INTRODUCTION
The Chinese government has taken many measures to deal with its long-term tuberculosis (TB) burden and great success has been achieved in terms of increased case detection and treatment success in the past decades [Reference Chen1–Reference Wang, Liu and Chine3]. But against this backdrop, efforts for TB control have been challenged by the emergence and wide spread of drug-resistant TB cases, especially multidrug-resistant (MDR)-TB and extensively drug-resistant (XDR)-TB cases in recent years [Reference Wright4]. According to the fourth report on global anti-tuberculosis drug resistance, the global estimated number of incident MDR-TB cases in 2006 was 489 139, and China ranks first with an estimated total number of 130 548 [5].
As drug resistance in Mycobacterium tuberculosis shows marked geographic variation, periodic assessment of the patterns and trends of drug-resistant TB could help to monitor the effects of TB control programmes and to make appropriate adjustments in the treatment strategy as resistance patterns change over time for different localities. However, limited information is available on the extent of drug resistance in TB cases, especially those seeking treatment in hospitals in China.
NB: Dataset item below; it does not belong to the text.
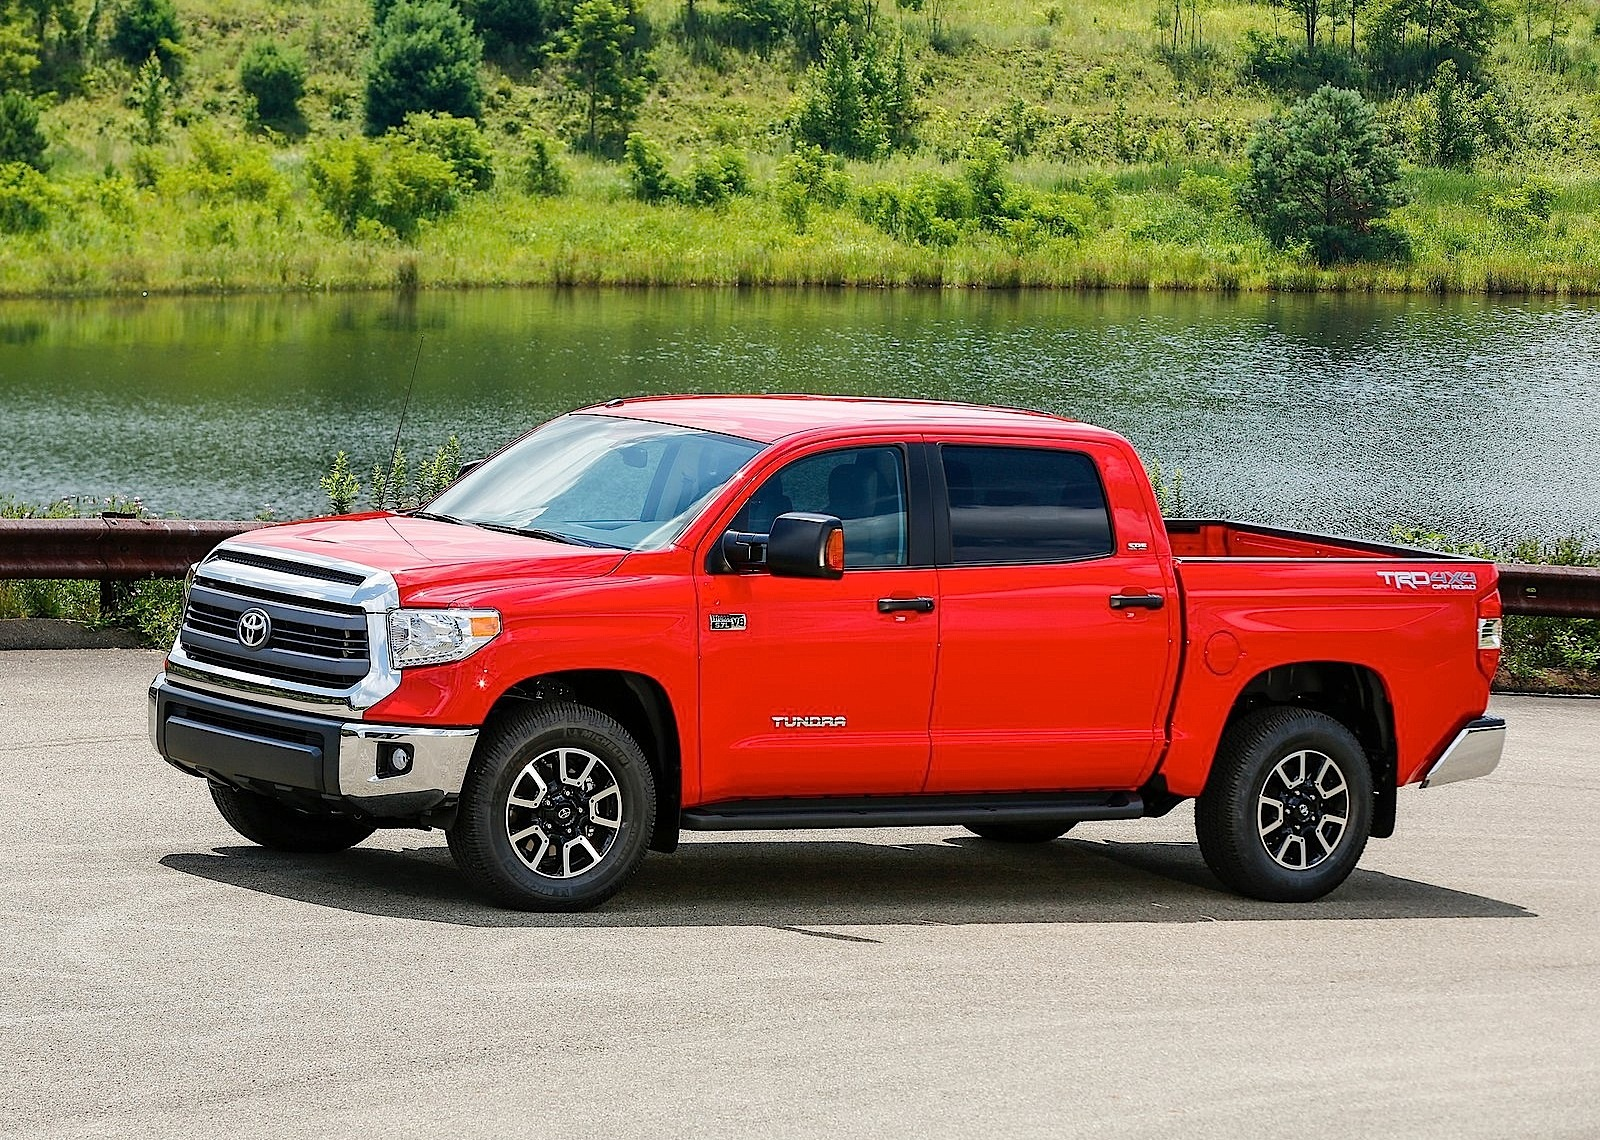 2017 Toyota Tundra Trd Pro >> TOYOTA Tundra Crew Cab specs & photos - 2013, 2014, 2015, 2016, 2017, 2018, 2019, 2020 ...
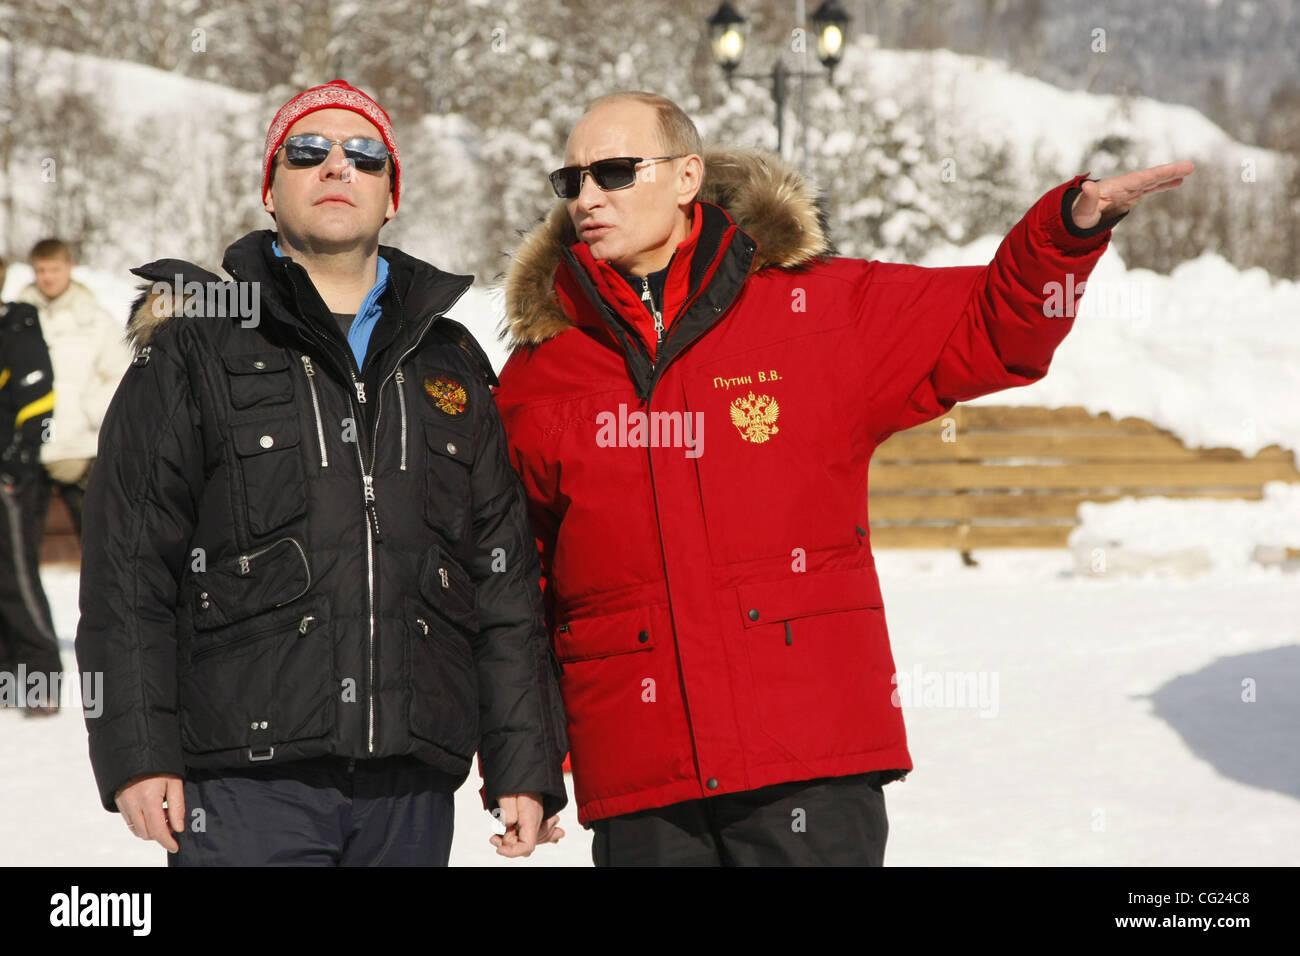 Feb 18 2011 Sochi Krasnodar Territory Russian Federation L R Stock Photo Alamy

We thus undertook this retrospective study to determine the susceptibility patterns and trends of drug resistance in TB patients in the 309 Hospital in Beijing, China for the period 1997–2009.
METHODS
Study subjects and data collection
The 309 Hospital is the only TB referral hospital in the urban area of Beijing, and it is also one of the major TB referral hospitals in China with a 244-bed TB centre providing diagnostic and therapeutic services for TB patients throughout the country. The patients treated at the 309 Hospital are either self-referred or referred by clinicians from the general hospitals, community clinics, as well as district TB prevention and treatment clinics in Beijing and other provinces in China. All pulmonary and extrapulmonary TB patients with positive culture results who were tested for drug resistance at the 309 Hospital from January 1997 to December 2009 were included in this study. The medical records were reviewed for age, gender, TB treatment history, and specimen sites. The study was approved by the Ethics Committee of the 309 Hospital.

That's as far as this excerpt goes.